**ASSIGNED TASK:** With the string "manual" as the filter, copy each matching line from the records.

Records from a data source:
---+---
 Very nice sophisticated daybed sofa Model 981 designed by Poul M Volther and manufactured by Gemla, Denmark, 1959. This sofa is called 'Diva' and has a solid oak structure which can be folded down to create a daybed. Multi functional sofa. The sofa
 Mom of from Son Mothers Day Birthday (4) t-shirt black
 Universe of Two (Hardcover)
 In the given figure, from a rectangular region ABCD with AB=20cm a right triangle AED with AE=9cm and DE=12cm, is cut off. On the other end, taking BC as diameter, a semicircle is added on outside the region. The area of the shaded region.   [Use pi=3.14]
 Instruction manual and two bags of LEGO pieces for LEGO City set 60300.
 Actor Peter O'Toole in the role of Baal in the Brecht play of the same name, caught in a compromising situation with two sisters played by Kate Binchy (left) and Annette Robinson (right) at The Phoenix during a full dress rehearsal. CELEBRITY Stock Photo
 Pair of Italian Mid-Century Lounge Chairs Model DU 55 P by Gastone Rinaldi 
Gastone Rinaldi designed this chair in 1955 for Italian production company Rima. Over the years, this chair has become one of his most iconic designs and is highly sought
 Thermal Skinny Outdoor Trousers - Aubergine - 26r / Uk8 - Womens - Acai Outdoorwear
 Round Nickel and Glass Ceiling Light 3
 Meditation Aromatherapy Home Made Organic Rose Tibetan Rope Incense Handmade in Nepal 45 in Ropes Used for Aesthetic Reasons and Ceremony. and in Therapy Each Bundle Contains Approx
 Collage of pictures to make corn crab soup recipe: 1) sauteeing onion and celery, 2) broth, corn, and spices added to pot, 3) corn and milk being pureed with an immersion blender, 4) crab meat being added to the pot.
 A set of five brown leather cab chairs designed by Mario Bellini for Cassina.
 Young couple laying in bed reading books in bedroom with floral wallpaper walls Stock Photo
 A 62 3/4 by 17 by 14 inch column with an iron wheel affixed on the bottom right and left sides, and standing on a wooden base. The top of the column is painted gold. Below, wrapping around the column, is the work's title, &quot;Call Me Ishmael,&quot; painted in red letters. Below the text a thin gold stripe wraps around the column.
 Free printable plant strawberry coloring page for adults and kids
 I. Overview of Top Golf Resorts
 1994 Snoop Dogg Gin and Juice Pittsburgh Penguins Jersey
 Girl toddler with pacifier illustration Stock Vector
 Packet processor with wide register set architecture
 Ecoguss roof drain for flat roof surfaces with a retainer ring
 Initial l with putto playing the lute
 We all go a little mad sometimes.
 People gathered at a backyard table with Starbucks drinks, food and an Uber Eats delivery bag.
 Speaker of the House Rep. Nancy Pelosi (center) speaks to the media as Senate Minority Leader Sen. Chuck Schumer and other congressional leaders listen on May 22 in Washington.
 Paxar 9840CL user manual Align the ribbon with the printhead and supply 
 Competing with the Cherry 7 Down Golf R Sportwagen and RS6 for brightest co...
---+---
**OUTPUT OF THE EXERCISE:**
 Instruction manual and two bags of LEGO pieces for LEGO City set 60300.
 Paxar 9840CL user manual Align the ribbon with the printhead and supply 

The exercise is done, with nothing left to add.